İnsanların yaşadığı küçük yerleşim yerlerinden genele gidildikçe temsil açısından farklı logo, amblem ya da benzeri unsurlar kullanıldığı görülüyor. Bir ilçenin kendisine ait yönetimsel anlamda logosu varken genele bakıldığında ülkelerin bayrakları, ülkelerin bir araya geldikleri kuruluşlarında amblemleri bulunuyor.
Logo ve amblemler hazırlanırken temsil ettiği yerleri akıllara getirmesine büyük önem veriliyor. Ankara'nın on yıllar içinde kullandığı logolarda da hep bu detay göz önünde bulunduruldu. Ankara'nın üzerinde bulunduğu topraklarda Hitit medeniyetinin yaşamasından dolayı uzun seneler Hitit Güneş Kursu Ankara'nın temsilinde kullanıldı.
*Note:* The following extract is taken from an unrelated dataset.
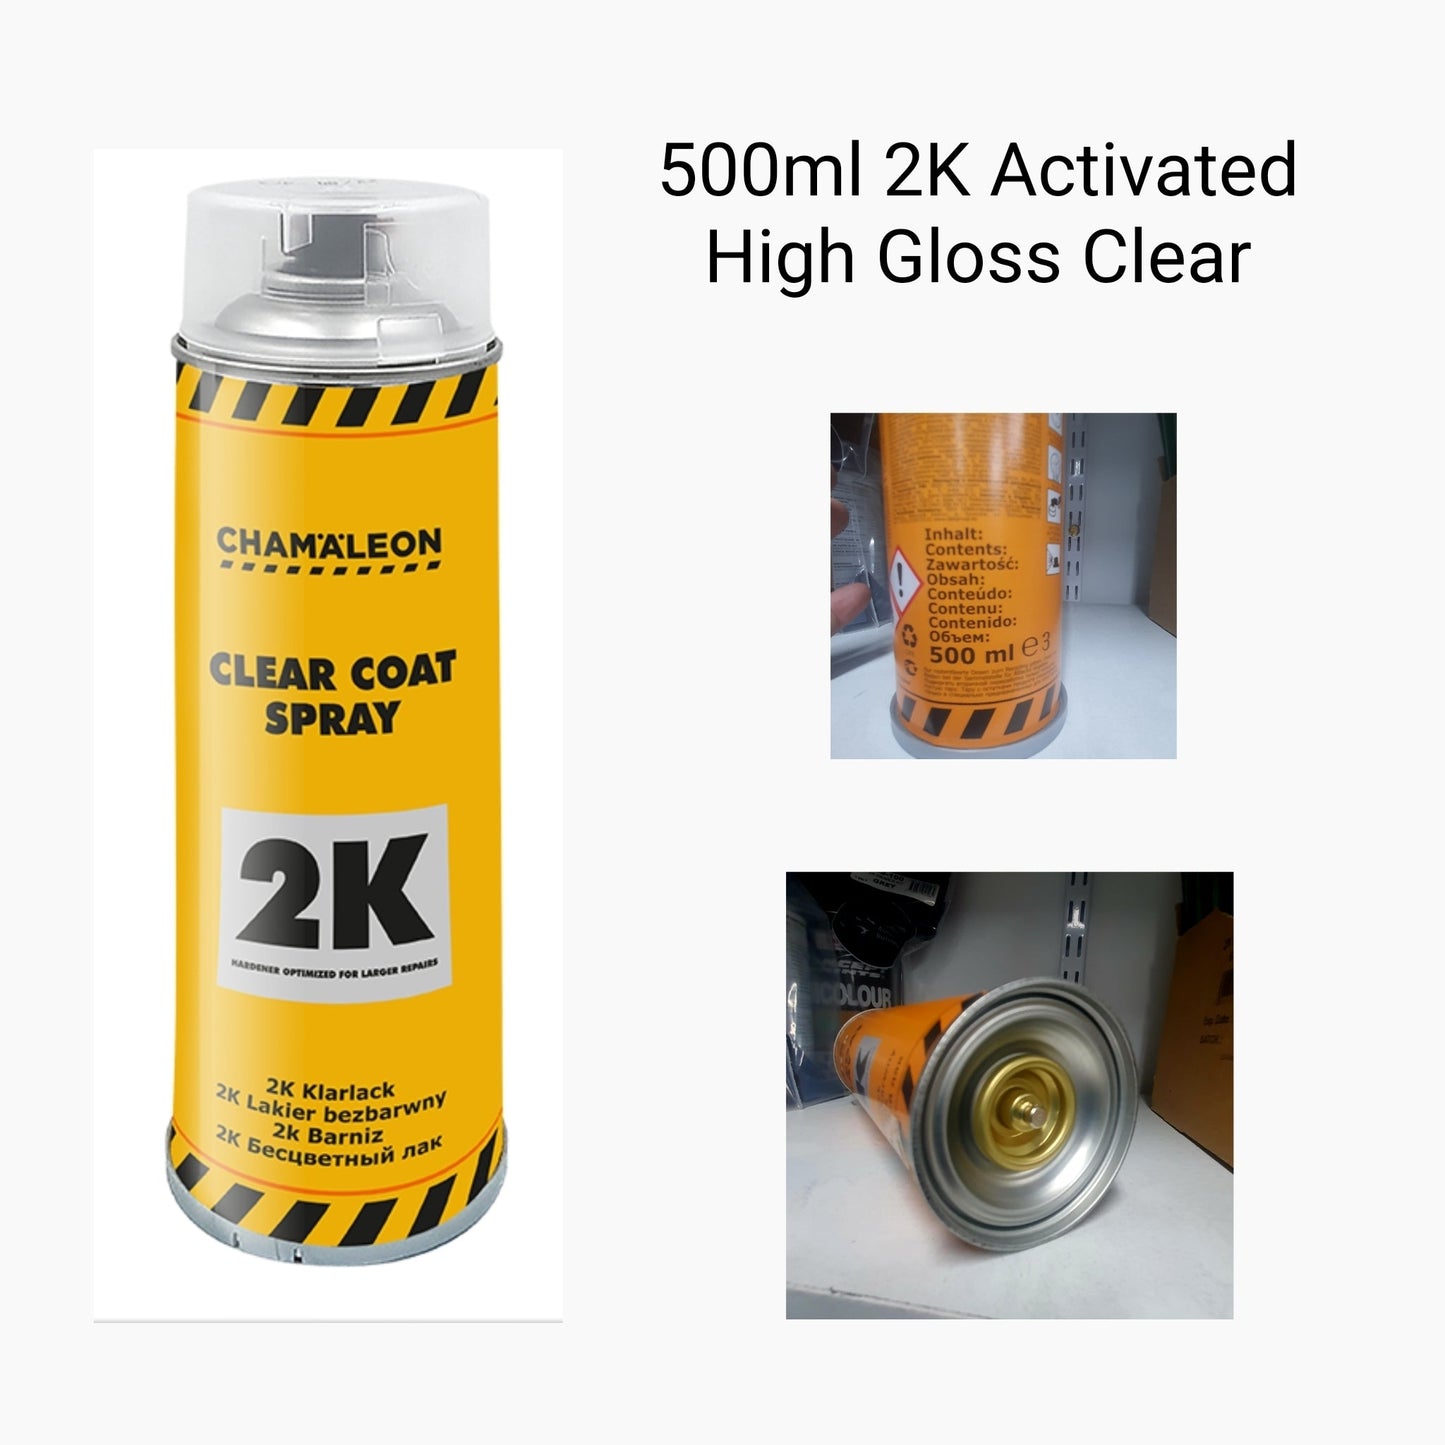 500ml 2k Activated High Gloss Clear Aerosol Paint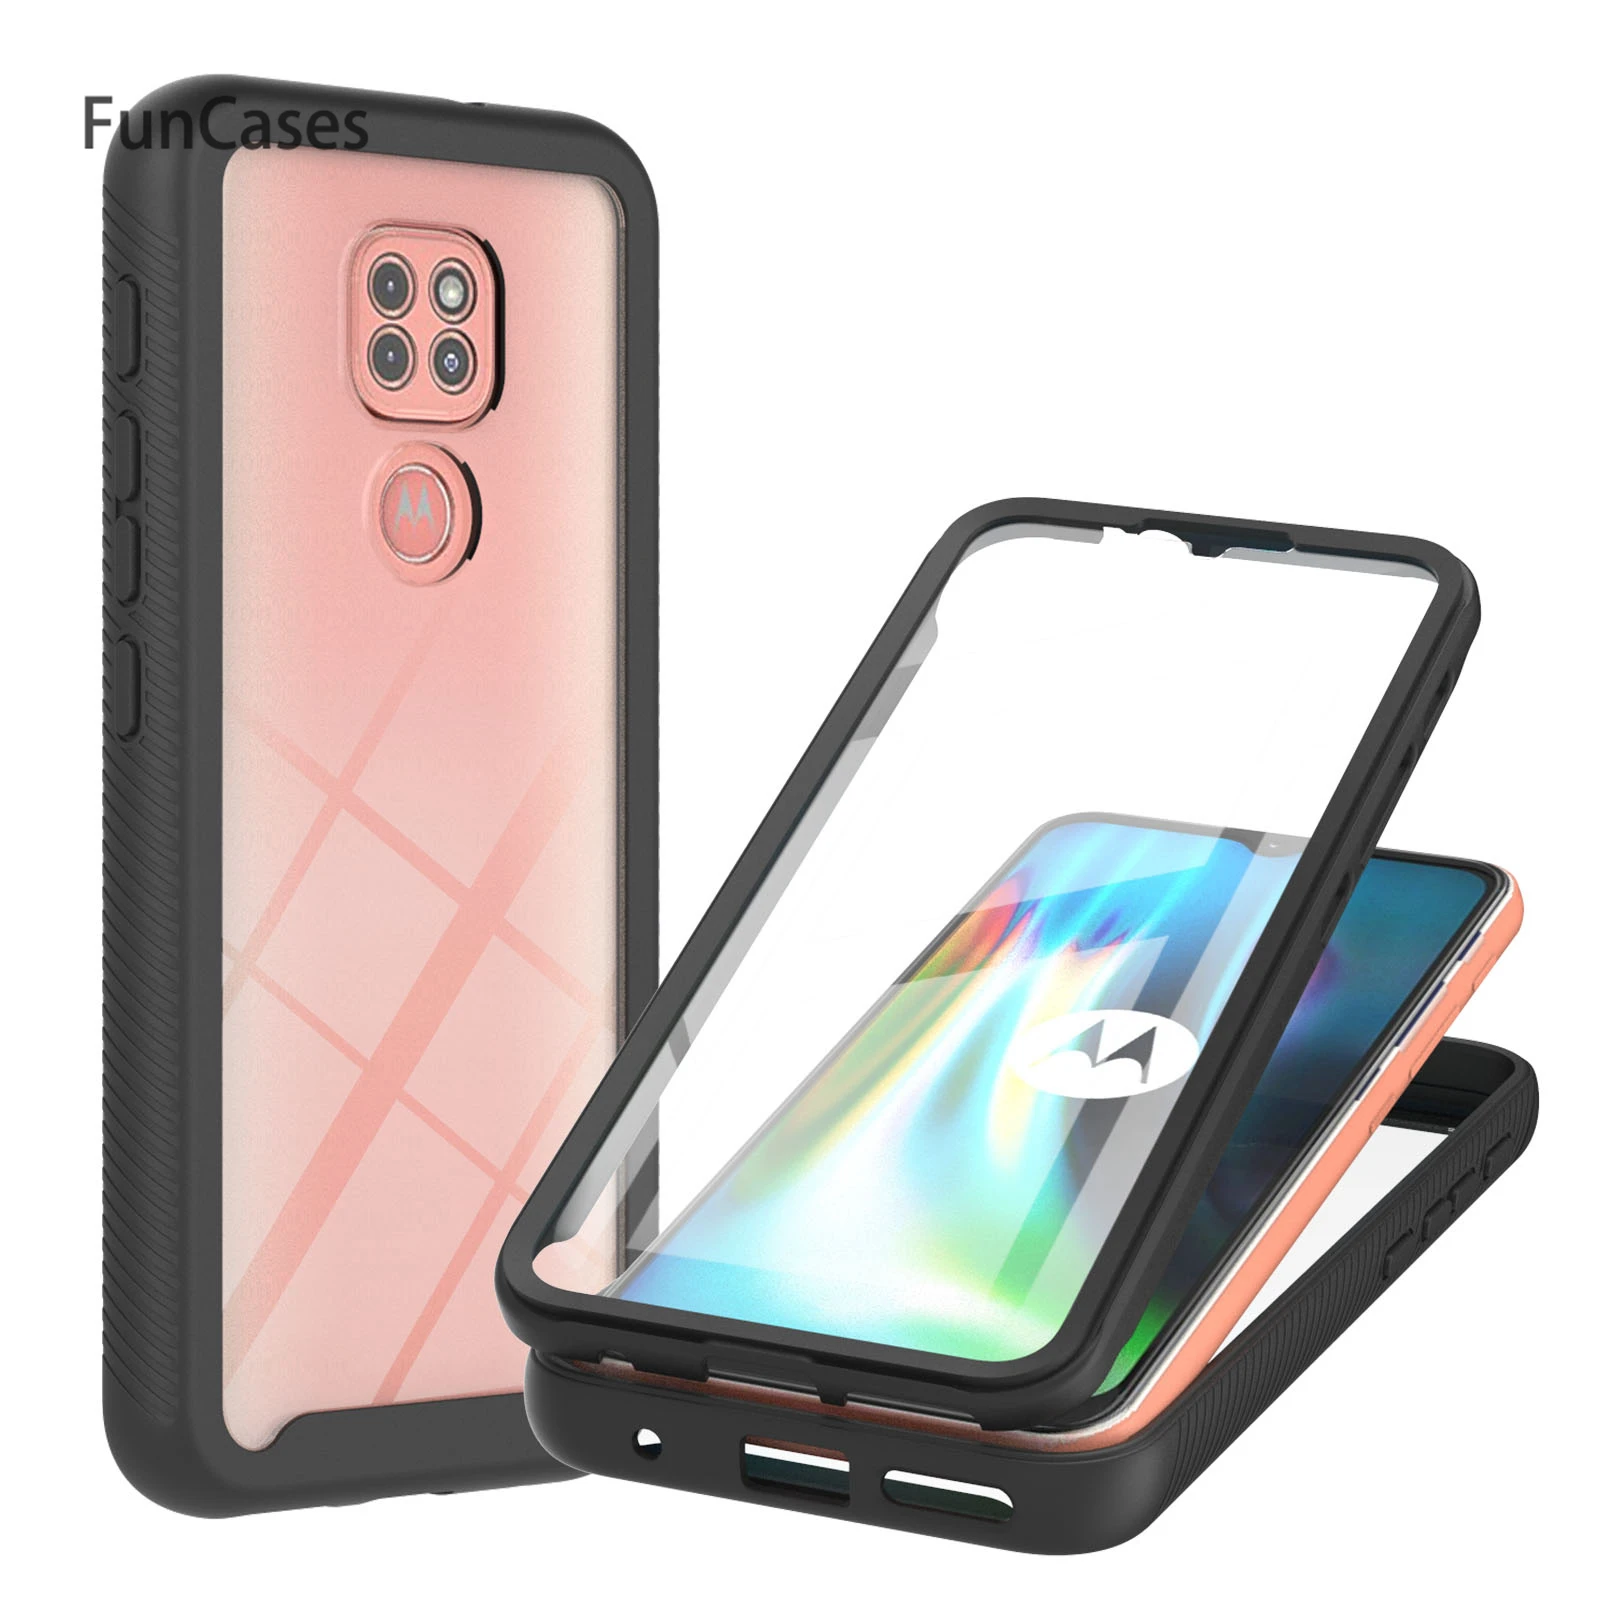 overhead radar Brochure Luxury Mirror Cases For hoesje Motorola Moto G9 Play Carcasa Frame And  Phone Back Case sFor Capa Motorola cover E7 Plus Pouch|Phone Pouches| -  AliExpress

ANKARA'NIN ANKİ ADLI AMBLEMİ
1990'da bu durumun iptali ve yeni bir logo için harekete geçildi. Ankara'nın bir marka değeri olan Hitit Güneşinin değiştirilmesinin gerekçesi olarak ise Ankara'nın Hititler ile direk bir bağlantısı olmayışı sadece, onların günümüzde şehir sınırları içerisinde yaşaması gösterildi.
(ankara cımbızcısı)
O dönem Sadık Karamustafa tarafından bir amblem tasarlandı. Logonun ortasında bir Ankara Keçisi tasviri yer alırken, keçinin etrafında Ankara'nın tarihteki farklı 3 adı yer aldı. Söz konusu amblem ile ilgili bir çok adım atılmasına ve çeşitli yerlerde kullanılmasına karşın resmiyette adım atılmadı ve bu amblem bir heyecan olarak şehir tarihinde kalmaktan öteye gidemedi.